And just don't skip on the process no matter how insignificant or seemingly
obvious as there is no room for error in the current environment.

------
jfengel
I bet we've all experienced the bit in a movie or TV show where they're
portraying your job and go, "It's not even slightly like that." I bet
everybody in every profession gets that. Usually the problem is at the writing
stage, or perhaps in the directing.

Sometimes the goal is to seem real to a general audience, even when the
writer/director/actor knows better. Audiences wouldn't want to see the job of
a programmer; it's deathly dull even when we're doing "exciting" things. I
prefer to handwave over such things: if it's not exciting to look at, then
just don't depict it rather than fictionalize it. If the story has to go
through a moment like that, get a better story.
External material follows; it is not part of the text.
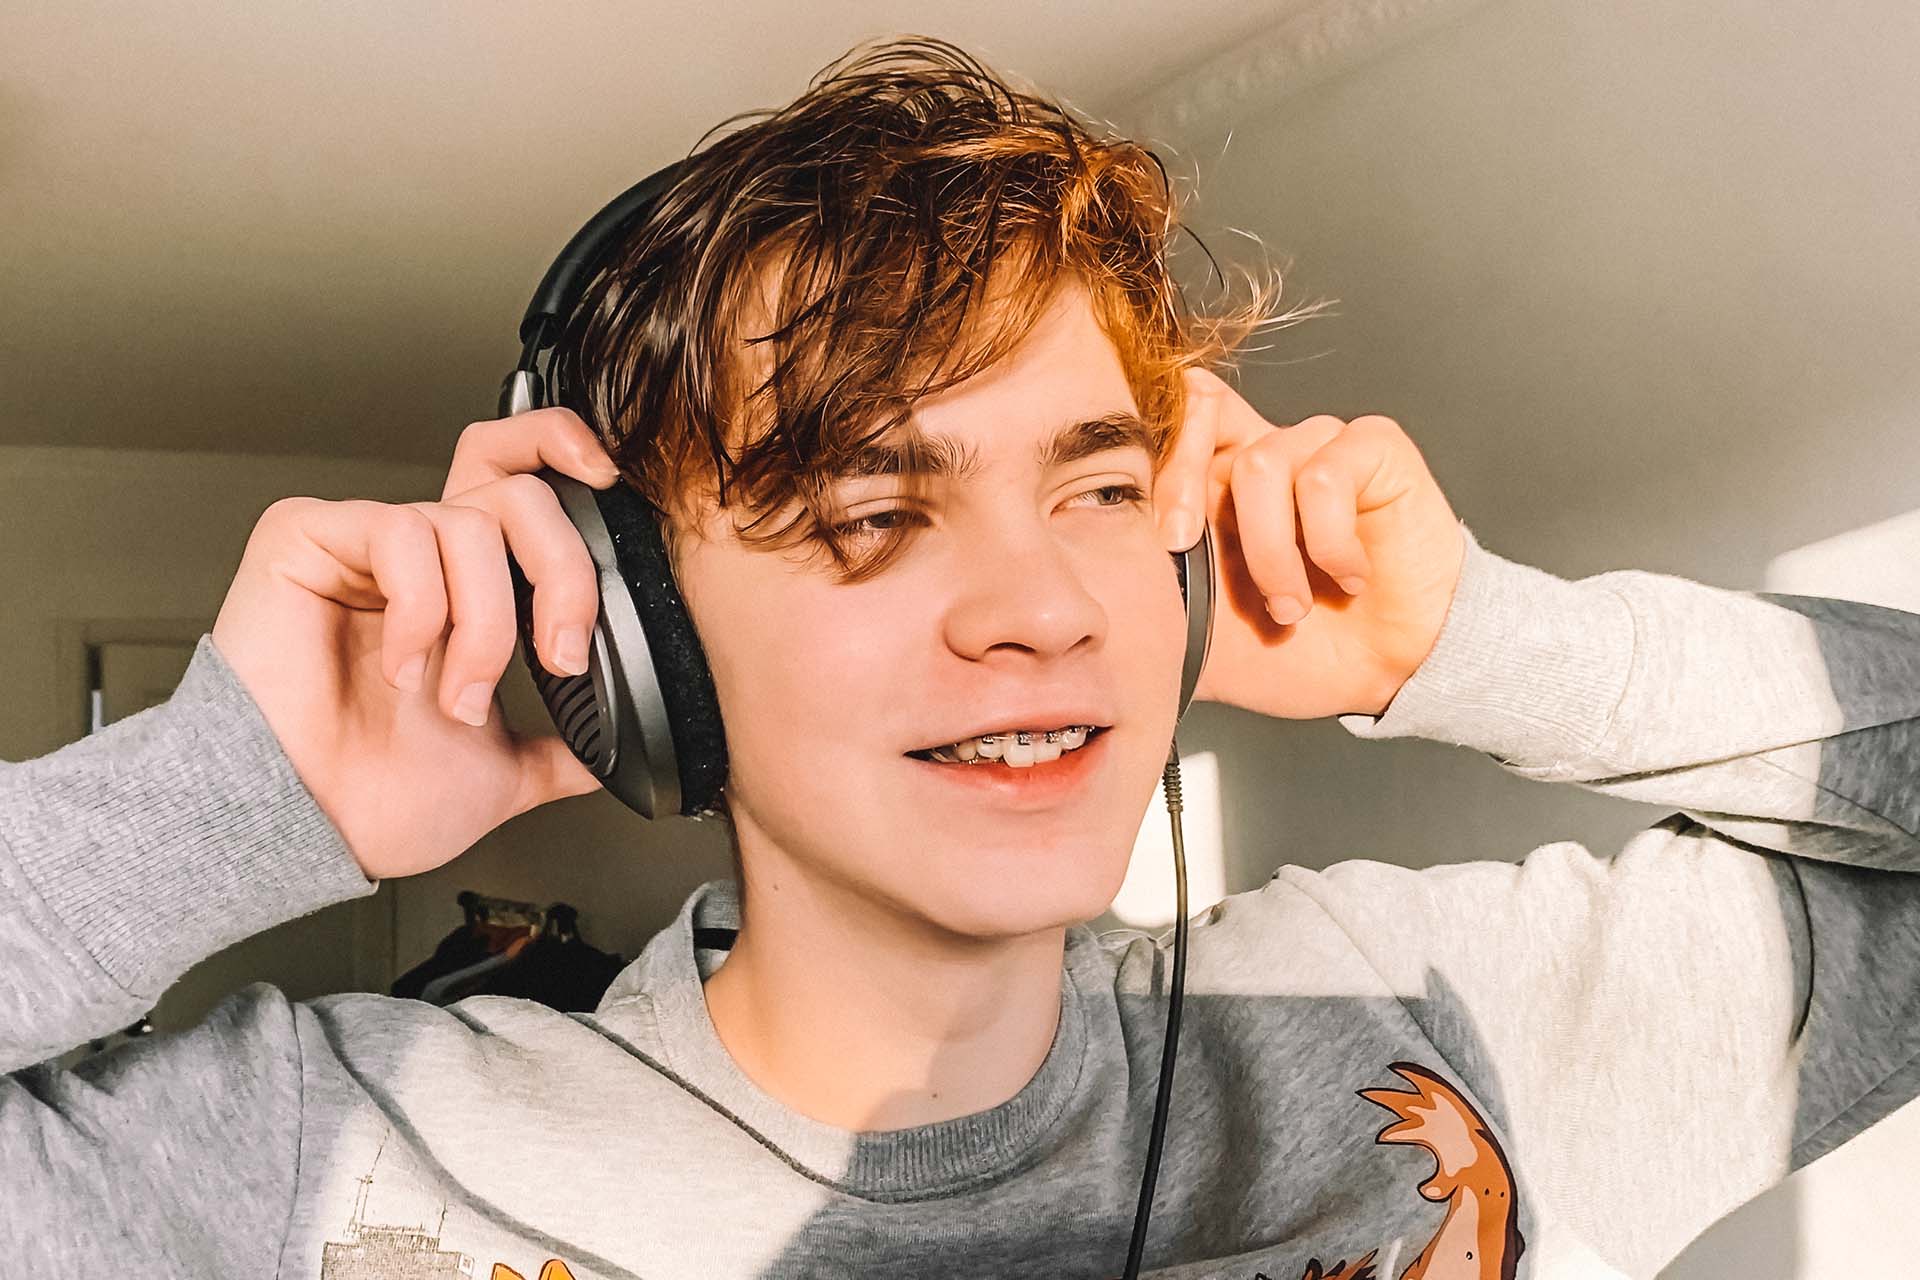 Teen boy with braces listens to music on headphones in Santa Monica, CA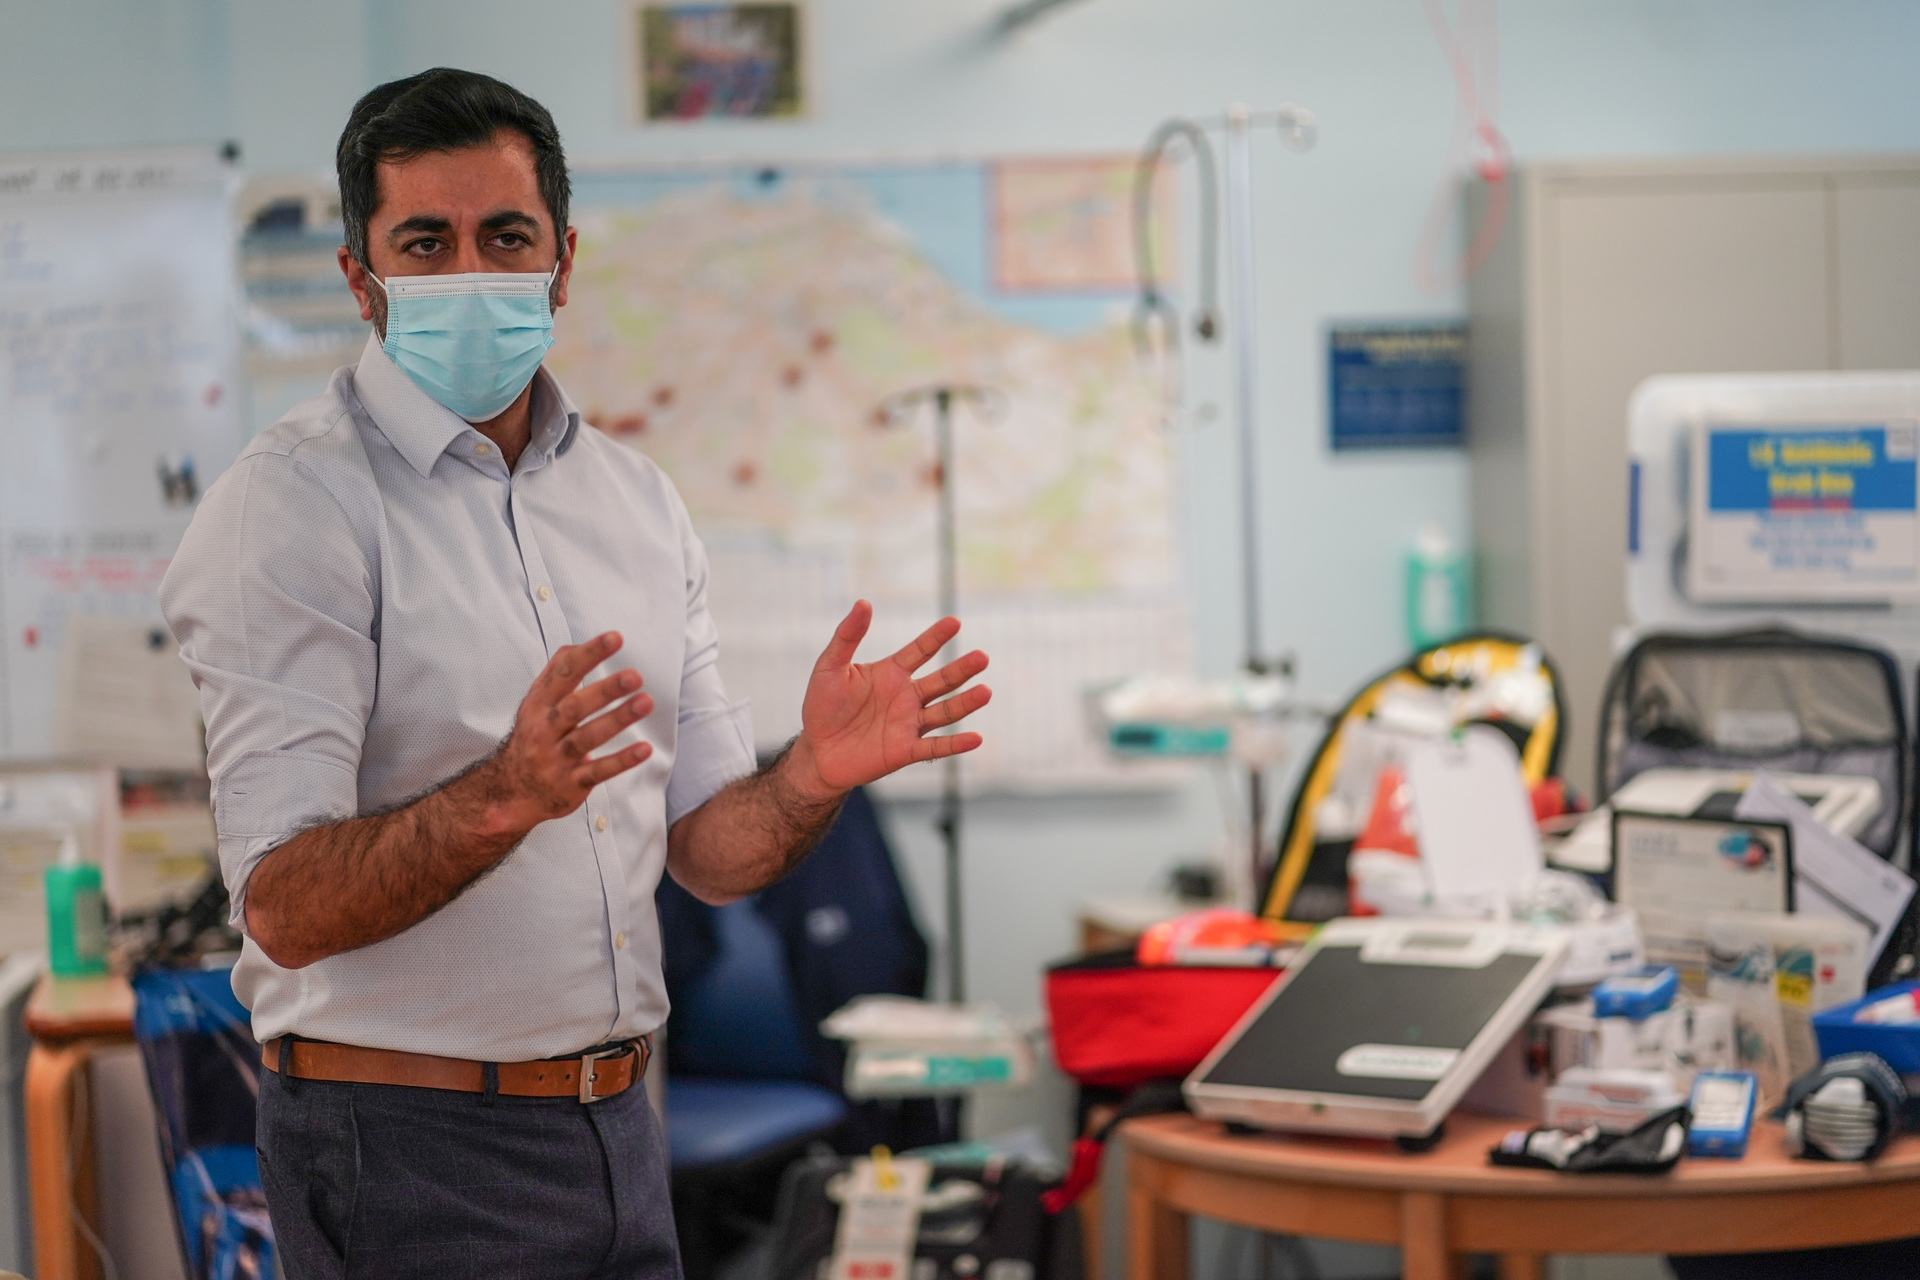 Scottish health secretary Humza Yousaf is seen during a visit at Liberton Hospital on January 11, 2022 in Edinburgh.

I appreciate that Radcliffe is here mimicking some of the dull, prosaic work.
It's kinda neat to see an actor be excited to momentarily be somebody else.
It's a great feeling on stage to be able to convey some of that to an
audience.

------
subpixel
Interesting fact: Steve Martin married the fact-checker of his New Yorker
pieces in the late 90s.

------
Cenk
The accompaniying podcast episode of The New Yorker Radio Hour is also great:
[https://www.wnycstudios.org/story/daniel-radcliffe-gets-
his-...](https://www.wnycstudios.org/story/daniel-radcliffe-gets-his-facts-
straight)

------
6gvONxR4sf7o
I wish there was some kind of browser extension and wiki-esque community by
which I could underline checkable facts online like the editor did in this
piece. Like a "[citation needed]" tag on wikipedia, but everywhere.

------
Kecelij
Hah, cheeky bastid.